Environment Variable | Description | Default (Set Externally) |
---|---|---|
HOST_IP |
External IP address of the host machine. Required. | your_external_ip_address |
HUGGINGFACEHUB_API_TOKEN |
Your Hugging Face Hub token for model access. Required. | your_huggingface_token |
LLM_MODEL_ID |
Hugging Face model ID for the CodeTrans LLM (used by TGI/vLLM service). Configured within compose.yaml environment. |
mistralai/Mistral-7B-Instruct-v0.3 |
LLM_ENDPOINT |
Internal URL for the LLM serving endpoint (used by codetrans-gaudi-llm-server ). Configured in compose.yaml . |
http://${HOST_IP}:8008 |
LLM_COMPONENT_NAME |
LLM component name for the LLM Microservice. | OpeaTextGenService |
BACKEND_SERVICE_ENDPOINT |
External URL for the CodeTrans Gateway (MegaService). Derived from HOST_IP and port 7778 . |
http://${HOST_IP}:7777/v1/codetrans |
FRONTEND_SERVICE_PORT |
Host port mapping for the frontend UI. Configured in compose.yaml . |
5173 |
BACKEND_SERVICE_PORT |
Host port mapping for the backend MegaService. Configured in compose.yaml . |
7777 |
http_proxy / https_proxy /no_proxy |
Network proxy settings (if required). | "" |
In the context of deploying a CodeTrans pipeline on an Intel® Gaudi® platform, we can pick and choose different large language model serving frameworks. The table below outlines the various configurations that are available as part of the application. These configurations can be used as templates and can be extended to different components available in GenAIComps.
File | Description |
---|---|
compose.yaml | Default compose file using vllm as serving framework and redis as vector database |
compose_tgi.yaml | The LLM serving framework is TGI. All other configurations remain the same as the default |
-
LLM backend Service
In the first startup, this service will take more time to download, load and warm up the model. After it's finished, the service will be ready.
Try the command below to check whether the LLM serving is ready.
# vLLM service docker logs codetrans-gaudi-vllm-service 2>&1 | grep complete # If the service is ready, you will get the response like below. INFO: Application startup complete.
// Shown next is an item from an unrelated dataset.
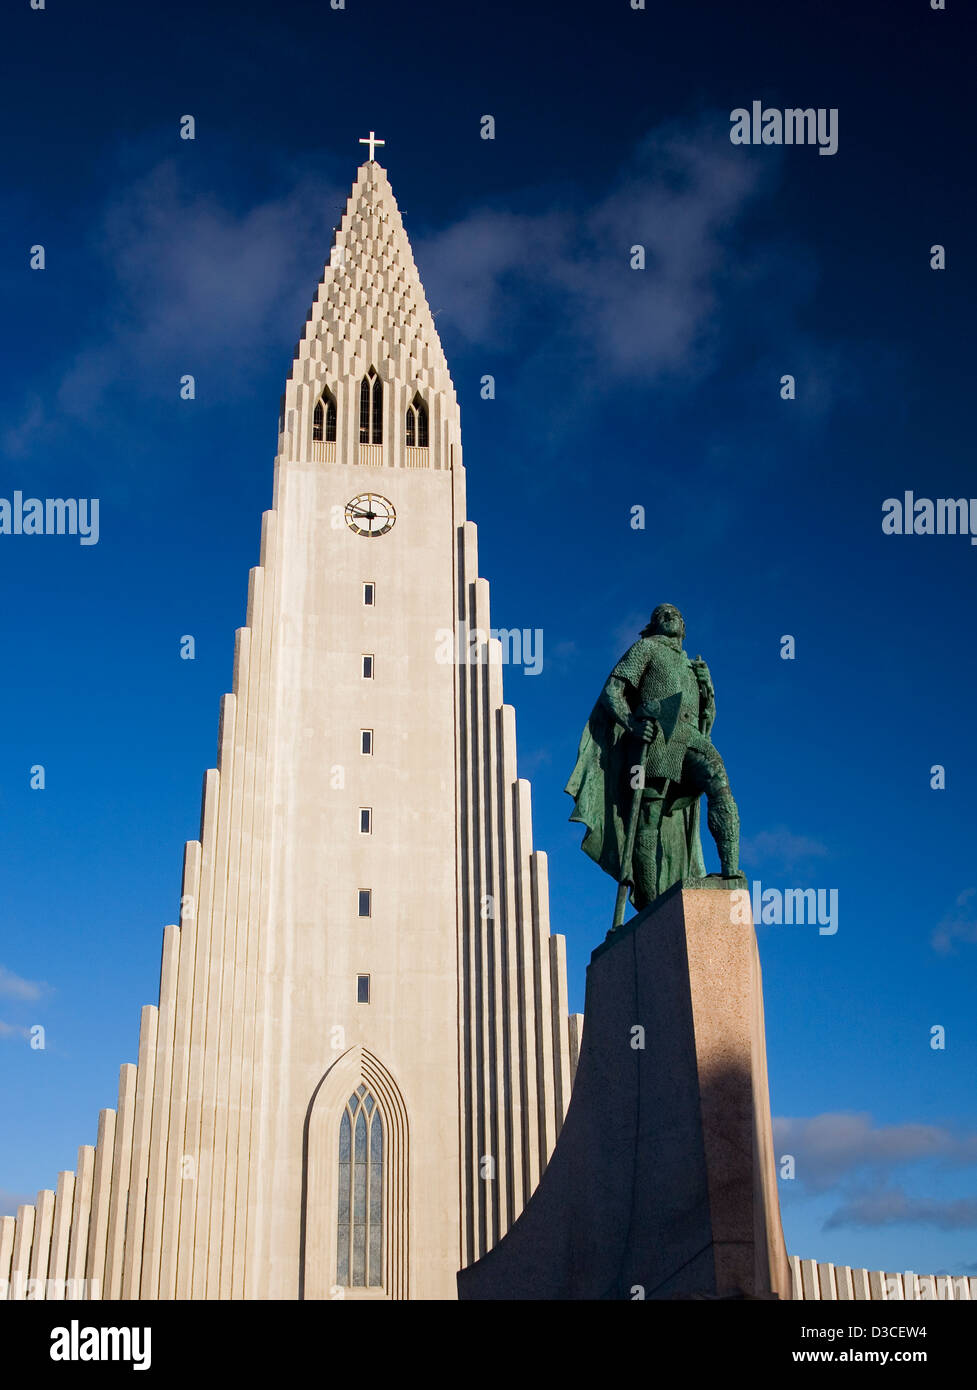 Hallgrimskirkja Church With Statue Of Leifer Eiriksson By Sculptor Alexander Calder In Foreground, Reykjavik, Iceland Stock Photo

# TGI service docker logs codetrans-gaudi-tgi-service | grep Connected # If the service is ready, you will get the response like below. 2024-09-03T02:47:53.402023Z INFO text_generation_router::server: router/src/server.rs:2311: Connected
Then try the
cURL
command below to validate services.# either vLLM or TGI service curl http://${host_ip}:8008/v1/chat/completions \ -X POST \ -d '{"inputs":" ### System: Please translate the following Golang codes into Python codes. ### Original codes: '\'''\'''\''Golang \npackage main\n\nimport \"fmt\"\nfunc main() {\n fmt.Println(\"Hello, World!\");\n '\'''\'''\'' ### Translated codes:","parameters":{"max_new_tokens":17, "do_sample": true}}' \ -H 'Content-Type: application/json'
-
LLM Microservice
curl http://${host_ip}:9000/v1/chat/completions\ -X POST \ -d '{"query":" ### System: Please translate the following Golang codes into Python codes. ### Original codes: '\'''\'''\''Golang \npackage main\n\nimport \"fmt\"\nfunc main() {\n fmt.Println(\"Hello, World!\");\n '\'''\'''\'' ### Translated codes:"}' \ -H 'Content-Type: application/json'
-
MegaService
curl http://${host_ip}:7777/v1/codetrans \ -H "Content-Type: application/json" \ -d '{"language_from": "Golang","language_to": "Python","source_code": "package main\n\nimport \"fmt\"\nfunc main() {\n fmt.Println(\"Hello, World!\");\n}"}'
-
Nginx Service
curl http://${host_ip}:${NGINX_PORT}/v1/codetrans \ -H "Content-Type: application/json" \ -d '{"language_from": "Golang","language_to": "Python","source_code": "package main\n\nimport \"fmt\"\nfunc main() {\n fmt.Println(\"Hello, World!\");\n}"}'
This guide should enable developer to deploy the default configuration or any of the other compose yaml files for different configurations. It also highlights the configurable parameters that can be set before deployment.